Question

Using core data, I created a fetch which should always return a single object (based on a specific predicate) but somehow it is returning multiple objects. I'm wondering if there is a flaw in my understanding of how core data predicates/comparisons work.

Overview of relevant part of my model (for an email client)

Entity: Thread
Relevant Attributes: thread.folder, thread.threadId

Entity: Folder
Relevant Attributes: folder.threads, folder.name

In core data, different threads can have the same thread id, but should always have a different folder.

Example: 

Thread 1: thread.threadId = 12345, thread.folder.name = @"inbox"
Thread 2: thread.threadId = 12345, thread.folder.name = @"important"

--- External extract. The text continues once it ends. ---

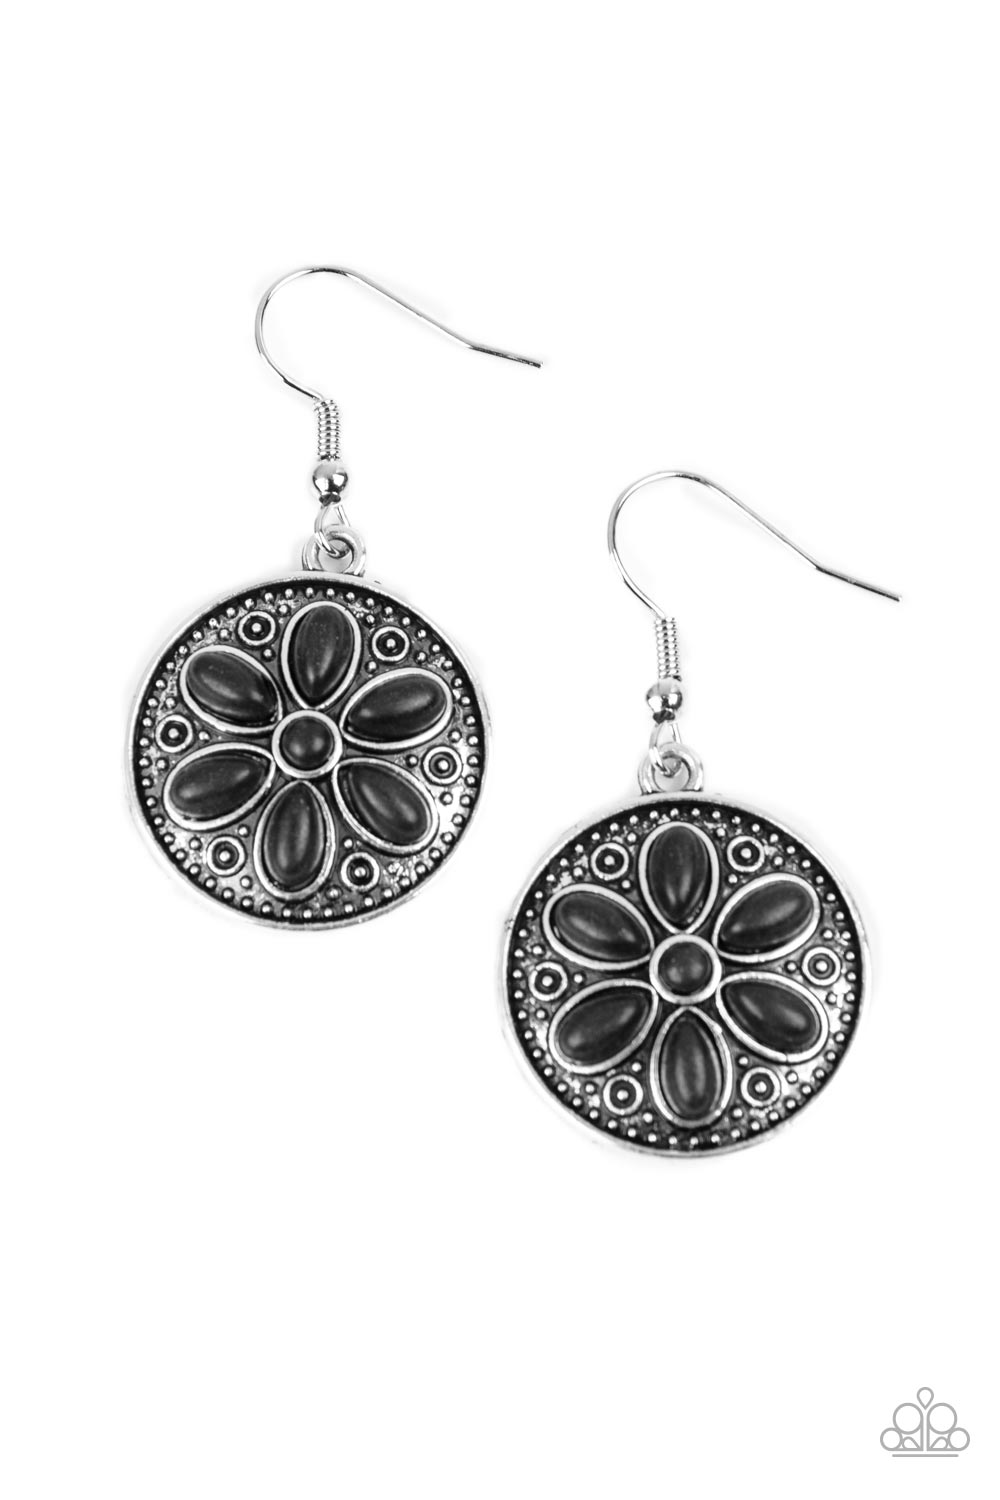 Saguaro Spring - Black Stone and Silver Earrings - Paparazzi Accessories - Earthy black stones are pressed into the front of a studded silver frame, blooming into a rustic daisy for a seasonal look. Earring attaches to a standard fishhook fitting. Sold as one pair of earrings.

So, I would assume that if I fetch a thread that has BOTH a threadId of 12345 AND folder.name of "inbox", I should only get 1 thread. But I get 2 in the above circumstance.

Here is how I am fetching from core data:

- (Thread *)threadForFolder:(Folder *)folder threadId:(uint64_t)threadId
{
  NSFetchRequest *request = [[NSFetchRequest alloc] init];
 [request setEntity:[Thread entityDescriptionInManagedObjectContext:self.managedObjectContext]];
 [request setPredicate:[NSPredicate predicateWithFormat:@"threadId == %llu && folder == folder", threadId, folder]];

 NSArray *results = [self.managedObjectContext executeFetchRequest:request error:nil];
 //ARRAY RETURNS TWO VALUES!?

 //...more stuff
}

Why does this not work?

Was it helpful?

Solution

I think you just have a typo. You just say folder == folder instead of using the parameter you are passing in. So of course, folder always equals folder.